[Gluster-devel] solutions for split brain situation

Mon Sep 14 14:18:13 UTC 2009

On Mon, 14 Sep 2009 14:19:00 +0200
Daniel Maher <dma+gluster at witbe.net> wrote:

> Stephan von Krawczynski wrote:
> > Hello all,
> > 
> > we have seen several split brain situations and think that the most common
> > option for the situation is simply missing. You can define a favourite child,
> > but you cannot define to use the latest file copy as definitive. Why not?
> > Isn't it a logical approach to say that the latest copy of a file based on
> > mtime must be the most up-to-date and therefore being used in split brain
> > recovery?
> 
> Are you sure about that ?  If you have one file which, due to split 
> brain, now exists in two different states, and each of them are modified 
> during the event, which one is actually correct ?
> 
> Imagine a log file ; the split brain event occurs, and now this log file 
> exists in two different forms, both of which are being updated on either 
> side of the split.  Each of these files contains data which, while 
> incomplete, is still valid.  Clobbering the one with the older mtime 
> (even, as in the case of log files, by perhaps seconds) means that 
> you'll lose all of the log data that happened to be in the slightly 
> older file.
> 
> -- 
> Daniel Maher <dma+gluster at witbe.net>

I do not state that my suggestion is _the_ solution. Obviously there is no
single solution for all split brain situations. This is why I suggest to add
several options. 
Our "split brain" is no real split brain and looks like this: Logfiles are
written every 5 mins. If you add a secondary server that has 14 days old
logfiles on it you notice that about half of your data vanishes while not
successful self heal is performed, because the old logfiles read from the
secondary server overwrite the new logfiles on your primary while new data is
added to them. This is a very simple and solvable situation. All you had to do
to win the situation 100% is to compare the files' mtime.
Whereas a true split brain is rare, our situation arises every time you add a
server, maybe because you made a kernel update or needed a reboot for some
reason. Your secondary comes back and kicks your ass. Even better, it is
completely irrelevant which server gets re-added, as soon as you have old data
on it you are busted. 
You might argue to prevent that by simply deleting everything on a newly added
server. But if you deal with TBs of data you really do not want to spend the
time and network bandwidth to heal the data, when most of it is actually in
good shape and only some MBs or GBs are outdated.
Btw I know this is not what you call "split brain", but glusterfs thinks it
is, and that is part of the problem.
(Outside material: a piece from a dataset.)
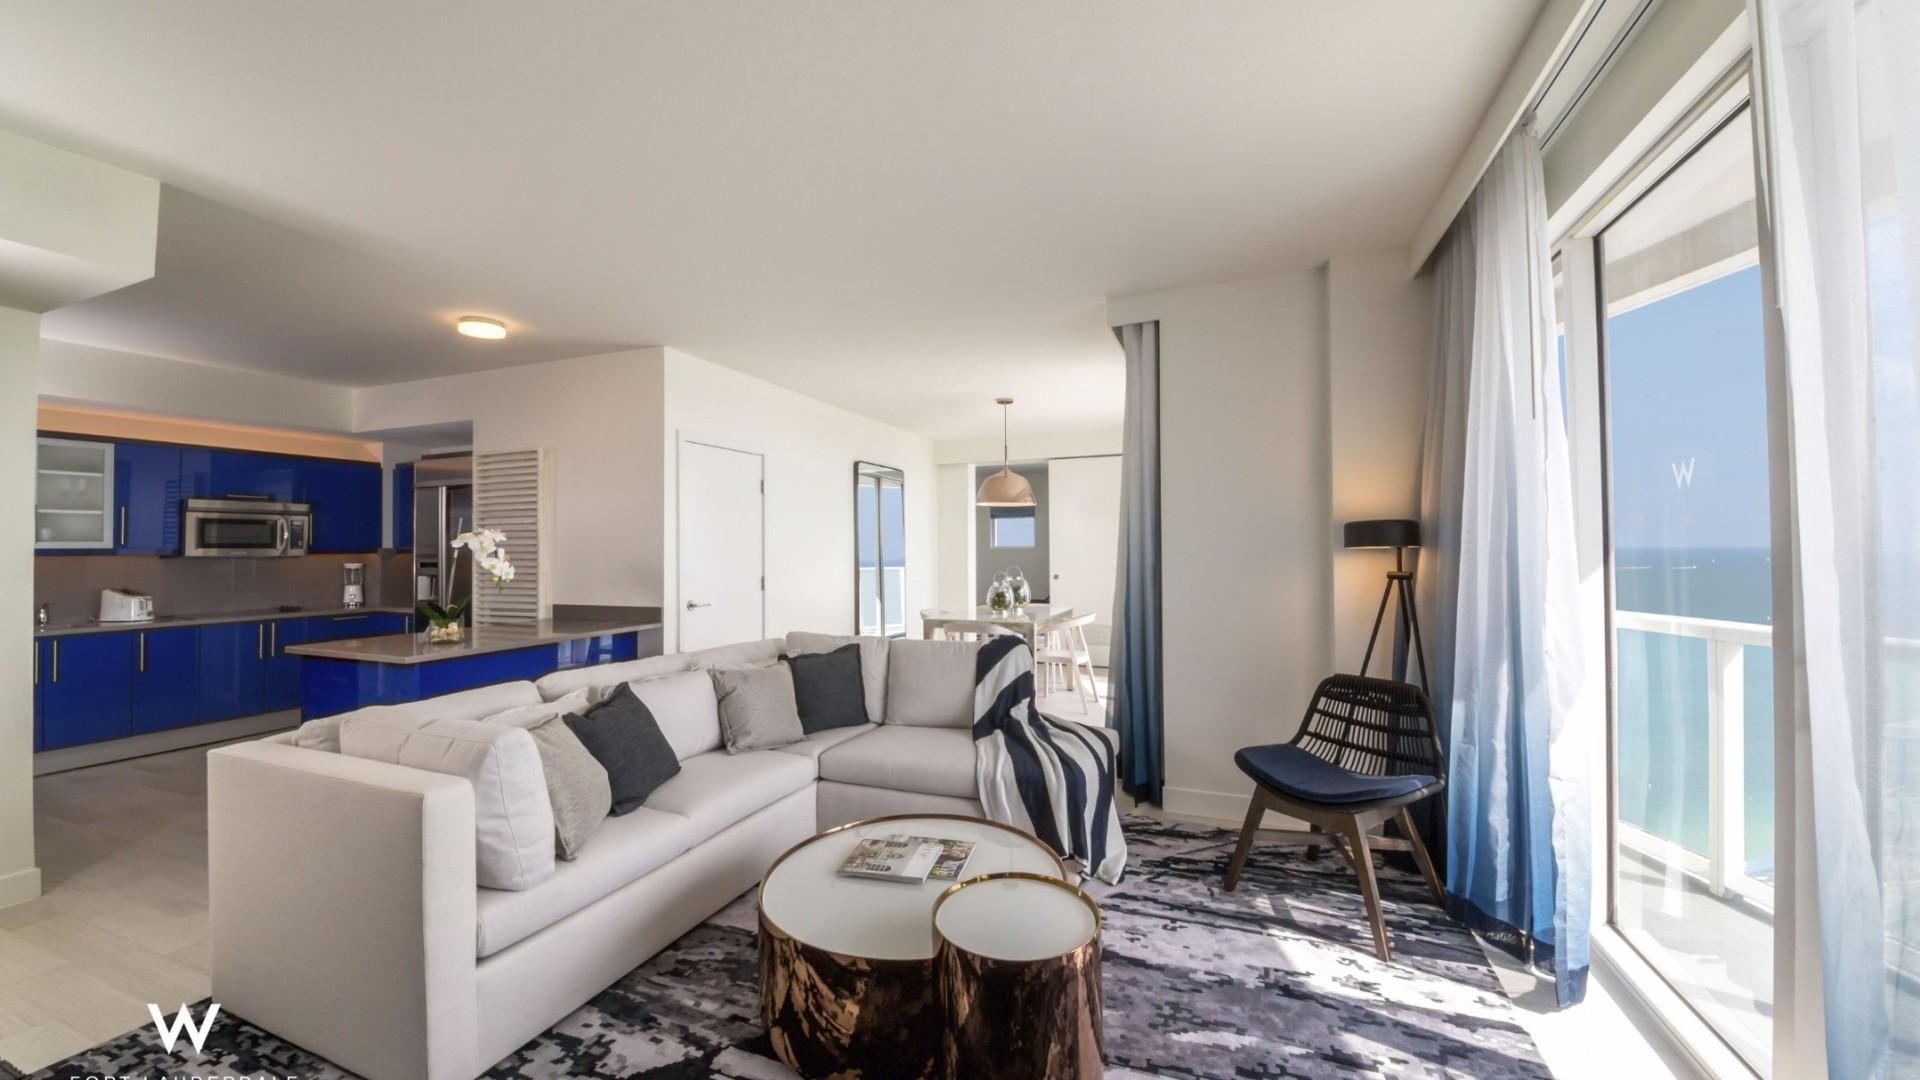 Apartamento en venta en Dubai, EAU, 3 dormitorios, 324 m2, № 24266 – foto 1

It cannot distinguish the cases.
Your argument is broken anyways because in your situation you will loose the
data no matter if you keep the current implementation or create a new "option
favorite-child mtime" option. In the current implementation you will loose
about every other file content summing up to 100% of the files being damaged,
iff in a true split brain both servers get new data for their respective
fileset and are mixed together later on. If the file comes from server A you
lost all data added on server B during split brain and vice versa.
Thinking about it it sounds as if the current implementation is the worst
possible. There is really no good reason for distributing file access in a
split brain detect situation. At least it should then choose the same child
for following file access to prevent the 100% loss.
Another idea would be switching split-brain files to read-only access. This
would be the conservative approach of not loosing already written data - only
new writes get lost this way.

-- 
Regards,
Stephan